10
Cuando fue descubierta la fuga de los reos, el corregidor mandó a sus alguaciles a inspeccionar todos los rincones de Amecameca y pueblos circunvecinos en busca de los cómplices que habían abierto las rejas. La pesquisa no dio resultados y toda la responsabilidad recayó en Melitón, el celador sorprendido en estado de ebriedad, que fue castigado con doscientos azotes.
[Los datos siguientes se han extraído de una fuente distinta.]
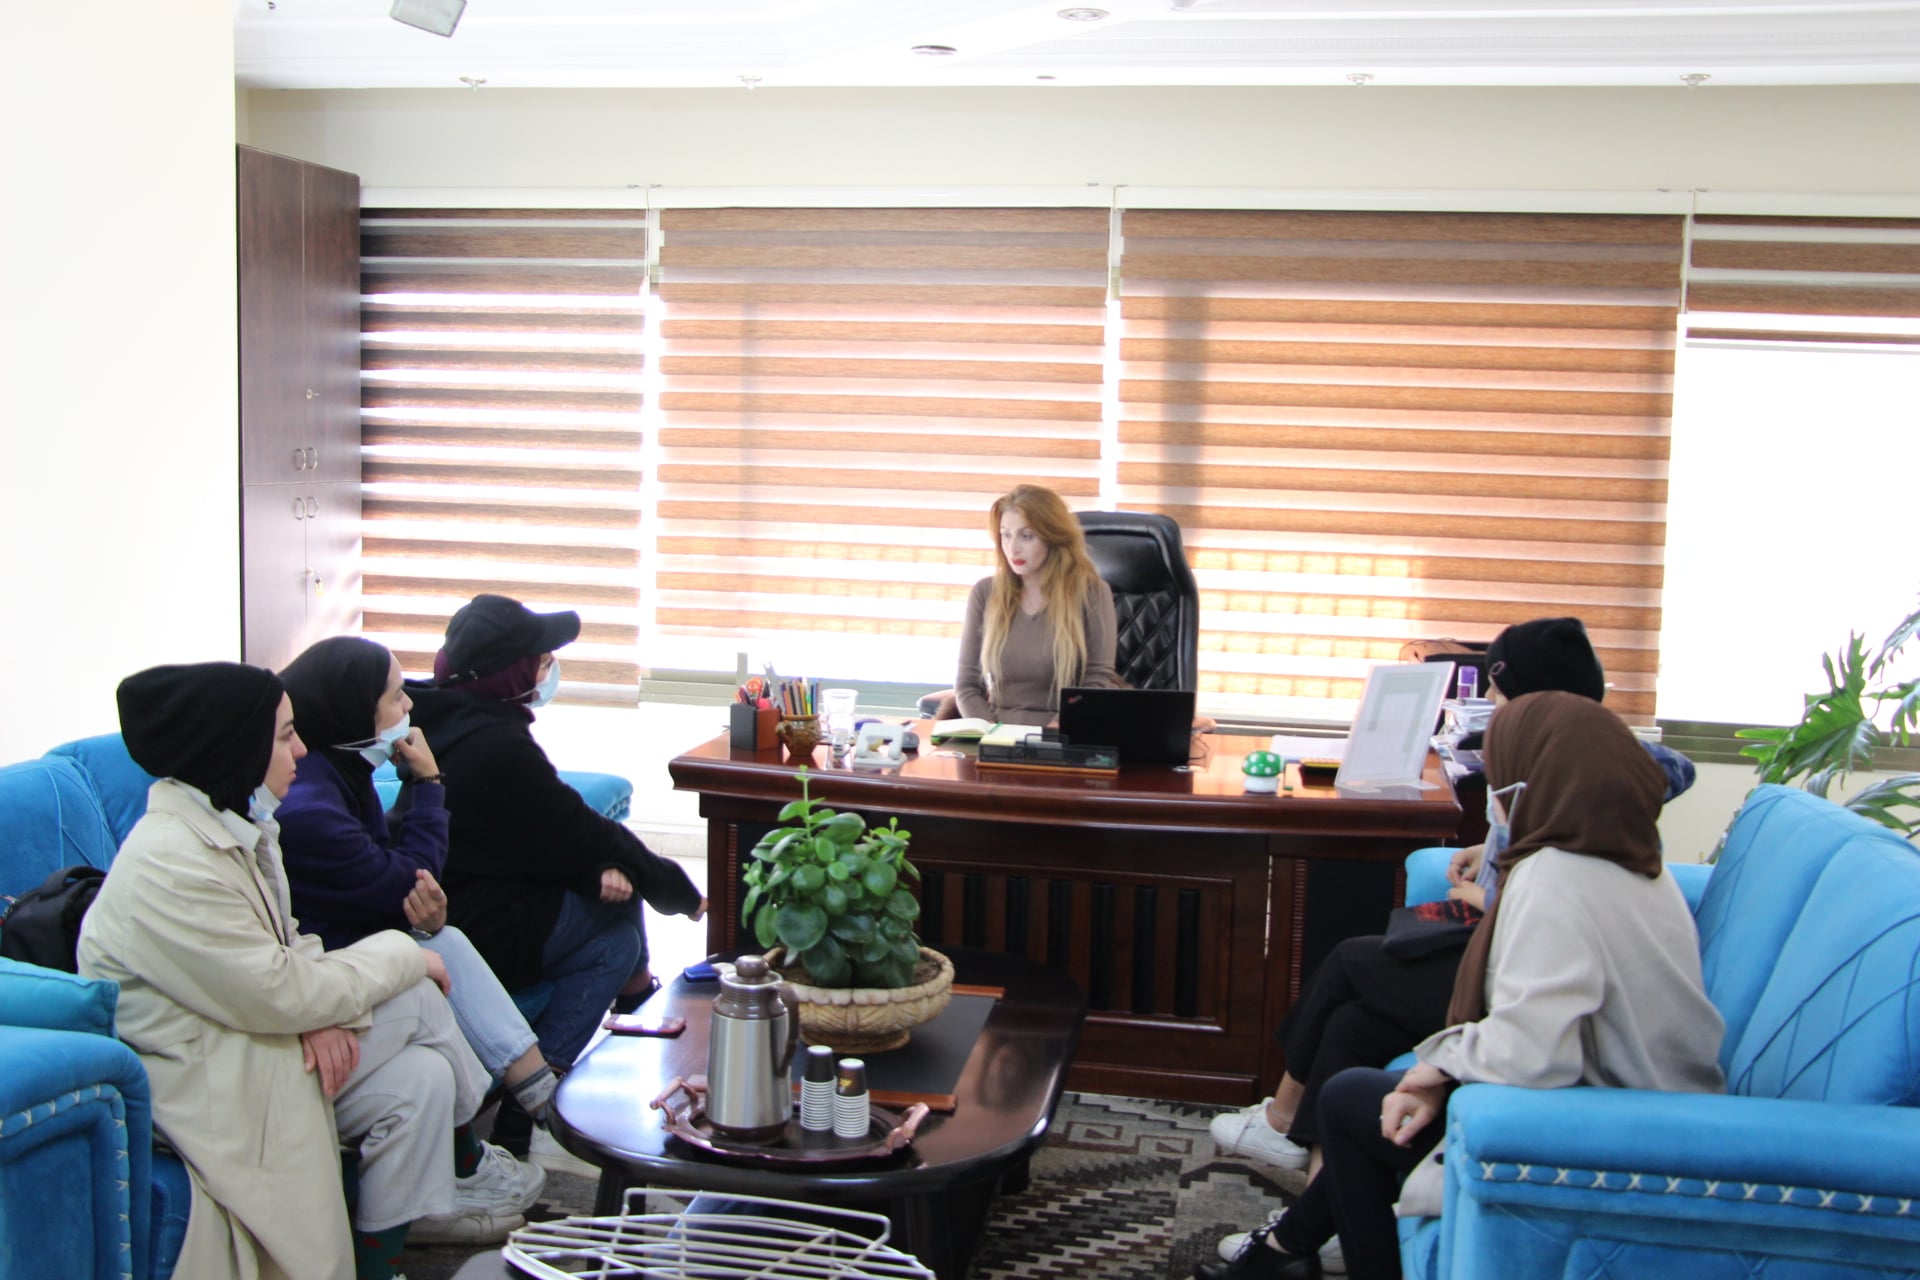  ADWAR meets a group of young women from the Palestinian Center
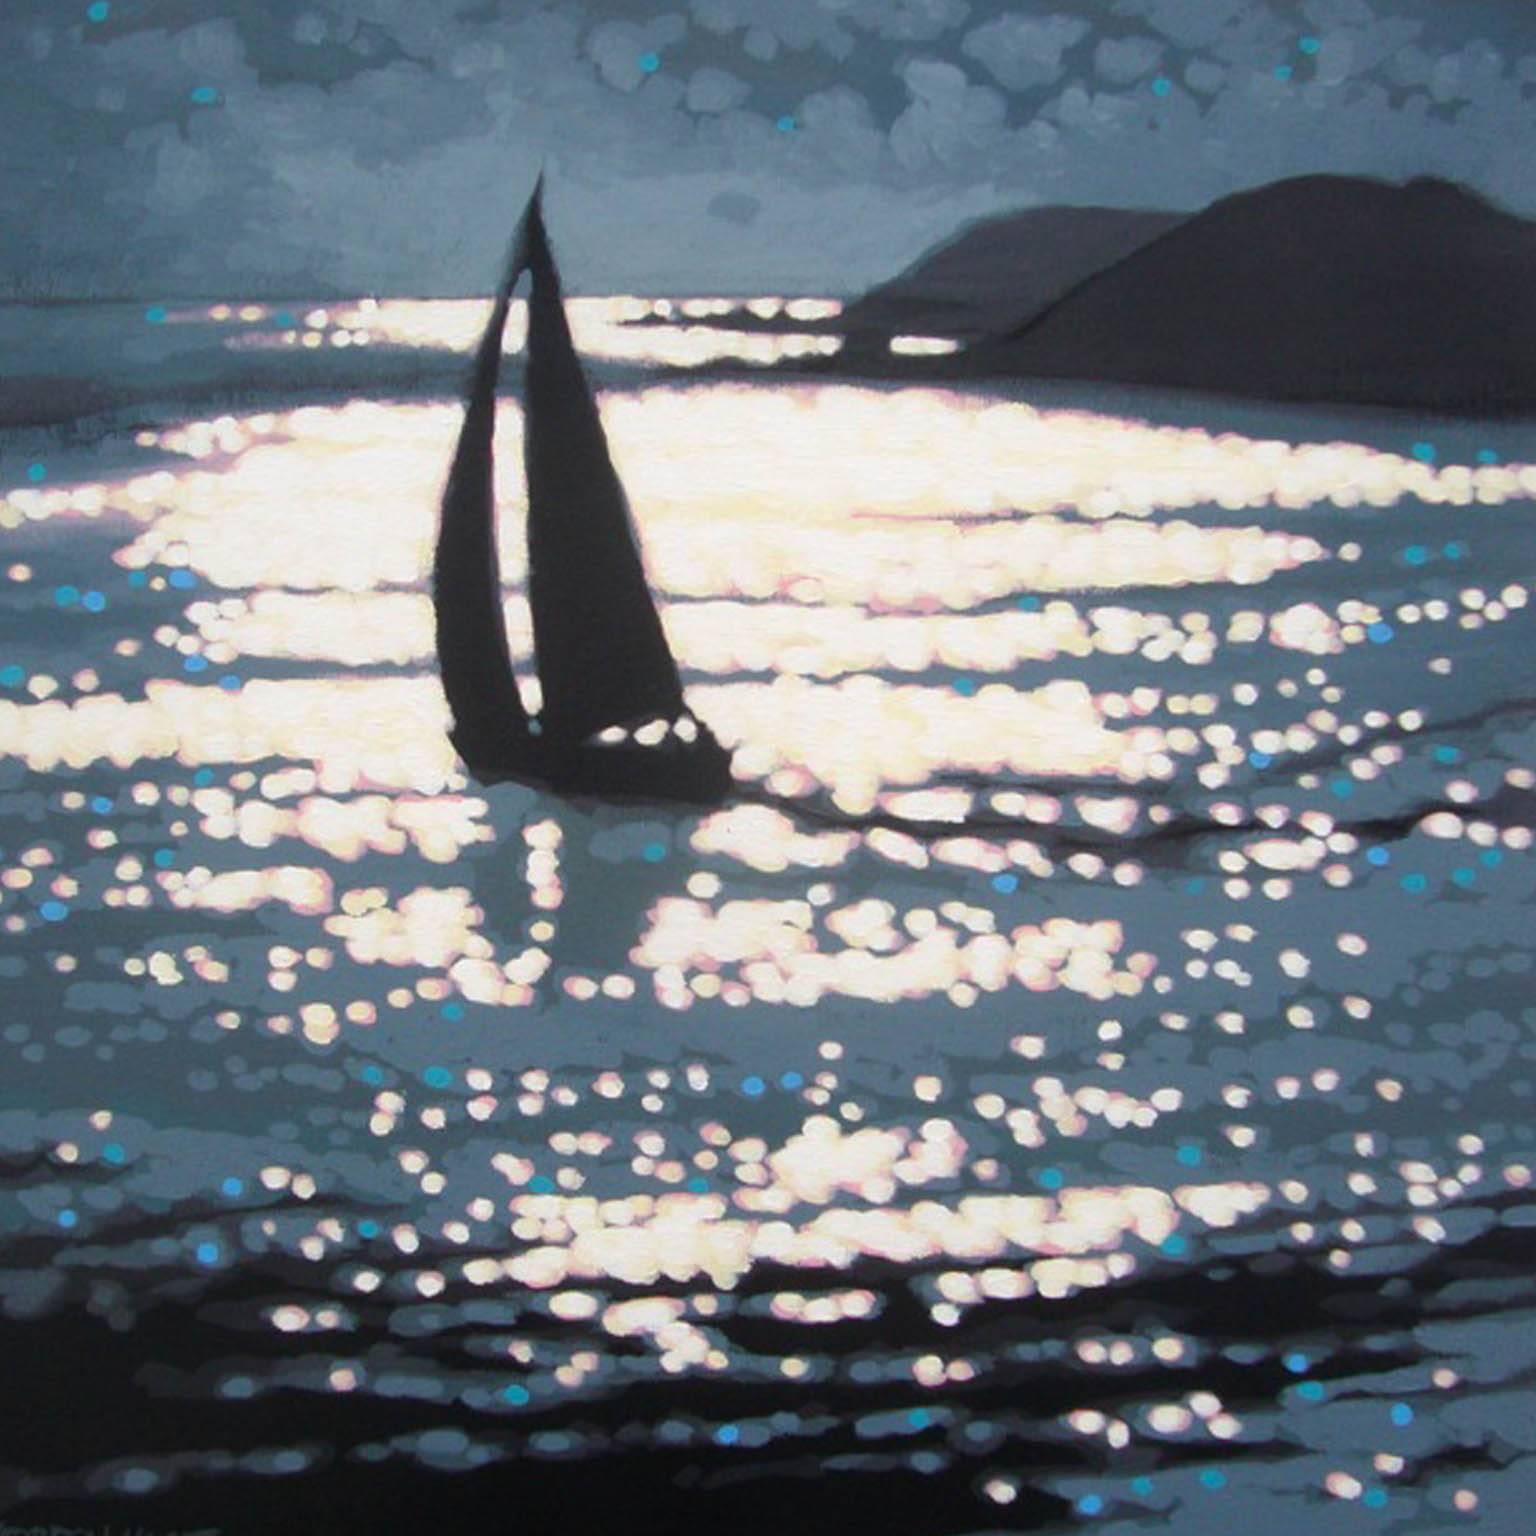 A Gordon Hunt original painting called 'Across the Estuary.' This seascape painting features a yacht sailing across the Helford Estuary in Cornwall. It’s a cloudy, windy day, but patches of sunshine sparkle on the water. Gordon Hunt paints

Fray Juan de Cárcamo pronunció desde el púlpito una flamígera arenga, donde amenazó con la excomunión ipso facto incurrenda a quien diera refugio a los idólatras demoniacos. Nadie receló de Tlacotzin, a quien libraba de cualquier sospecha su fama de cristiano devoto. Una semana después, el prior ordenó subir todos los ídolos incautados al cerro del Sacromonte, donde celebró una misa en desagravio de la fe, asistido por su pilguanejo. De subida al monte, el sol brillaba en todo su esplendor, pero en el transcurso del oficio divino el cielo se fue encapotando y al terminar la misa, cuando Cárcamo empezó a quebrar los ídolos con un mazo, la niebla era tan espesa que Tlacotzin no veía al prior a dos varas de distancia. Entre los fieles hubo murmullos de asombro, que los frailes intentaron sofocar rezando el Alabado. El alma de Tlacotzin se llenó de alborozo: el desagravio era un rotundo fracaso, pues los dioses aztecas daban una muestra de su poder en el momento justo en que Cárcamo pretendía exterminarlos.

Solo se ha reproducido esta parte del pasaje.